How to find short vectors in the image? Compute the SVD of the matrix for $L$, and look at the singular vector corresponding to the smallest singular value.

You might want to try this for a few example maps from $\Bbb R^2$ to $\Bbb R^4$ to get a feel for how/why it works.

Here's an example for $n = 1$. Let $$ L(x) = \pmatrix{3x \\ 4x} = \pmatrix{3 \\ 4} \pmatrix{x} $$ The matrix is $M = \pmatrix{3 \\ 4}$.

The unit vectors in 1-space are $\pmatrix{\pm 1}$, and they map to $\pm \pmatrix{3 \\ 4}$. Those vectors have the same length (namely $5$), so each of them is the shortest possible, and could serve as $v$. But let's follow the instructions.

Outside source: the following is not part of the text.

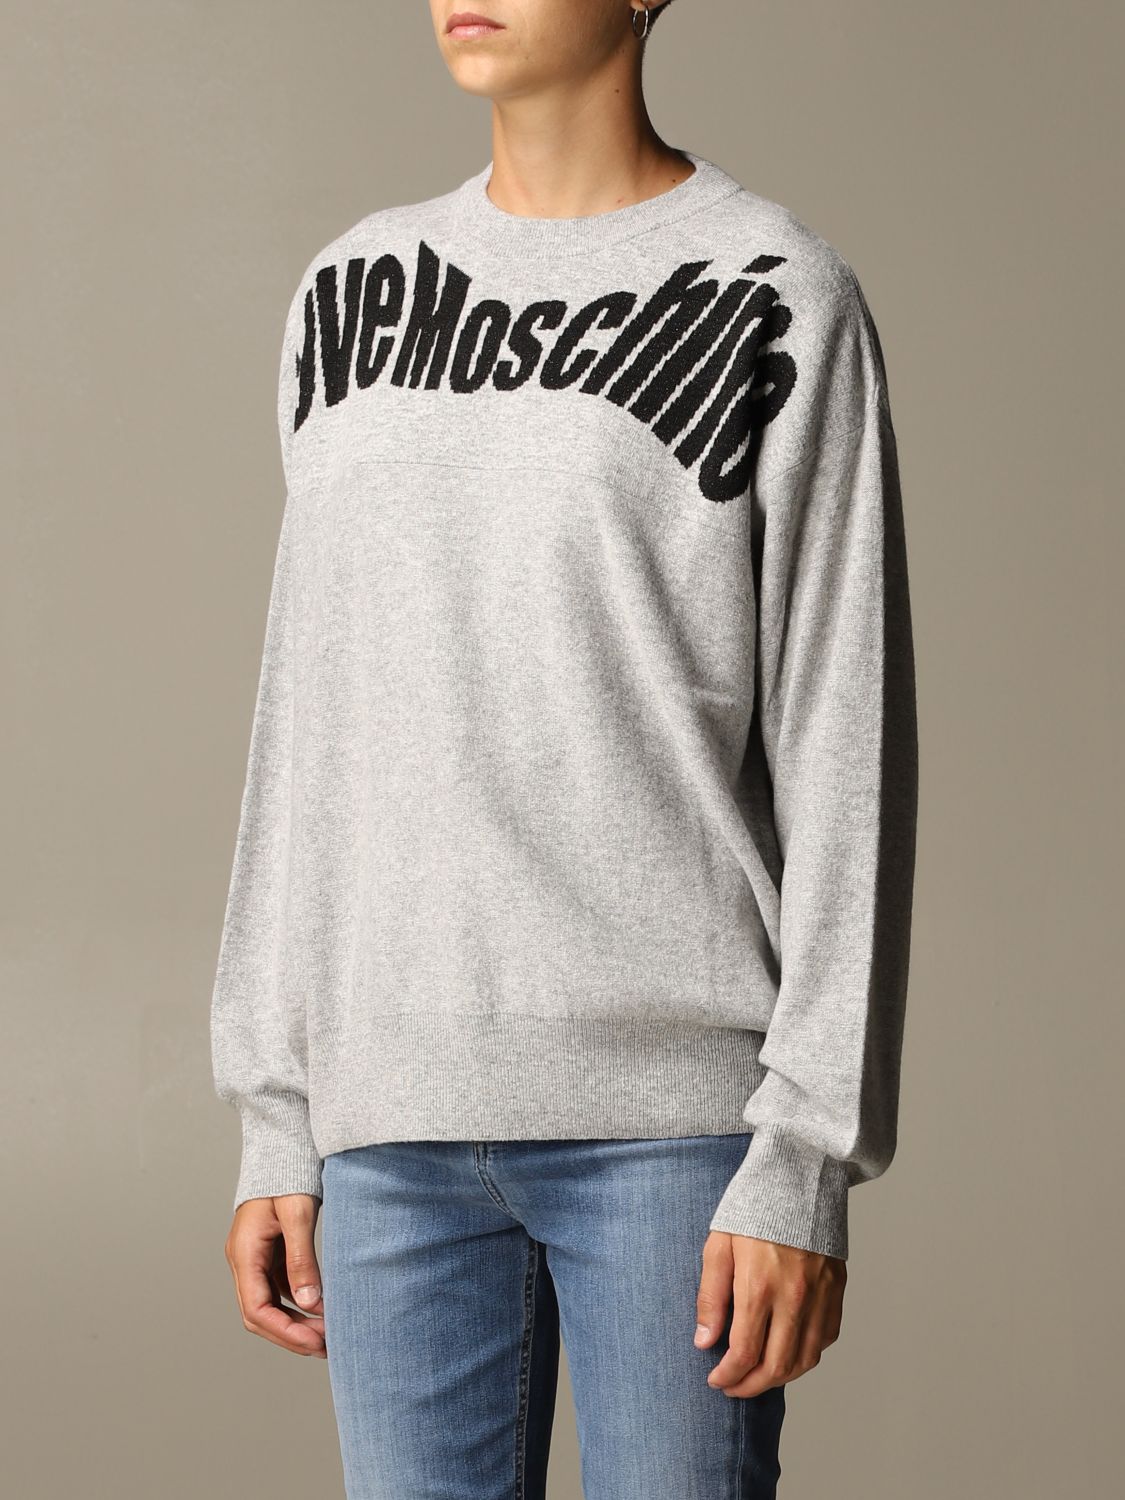 Love Moschino Outlet: jumper for women - Grey | Love Moschino jumper ...

We compute the SVD for $M$ (matlab interaction, somewhat cleaned up):

>> M = [3;4]    
M =    
     3
     4    
>> [u,d,v] = svd(M, 'econ')    
u =    
    0.6000
    0.8000    

d =    
     5    
v =    
     1

In short, $$ \pmatrix{3\\4} = \pmatrix{3/5\\4/5} \pmatrix{5}\pmatrix{1} $$ The smallest (indeed only) singular value is $5$; the corresponding right-eigenvector $v$ is $\pmatrix{1}$. $Lv$ is just $\pmatrix{3\\4}$, so $s = 5$. THen $$ \frac{1}{s} v = \frac{1}{5}\pmatrix{1} = \pmatrix{1/5} $$ is the largest vector in $\Bbb R^1$ that maps under $L$ to a unit vector in $\Bbb R^2$, as required. (Although $\pmatrix{-1/5}$ would also have worked.)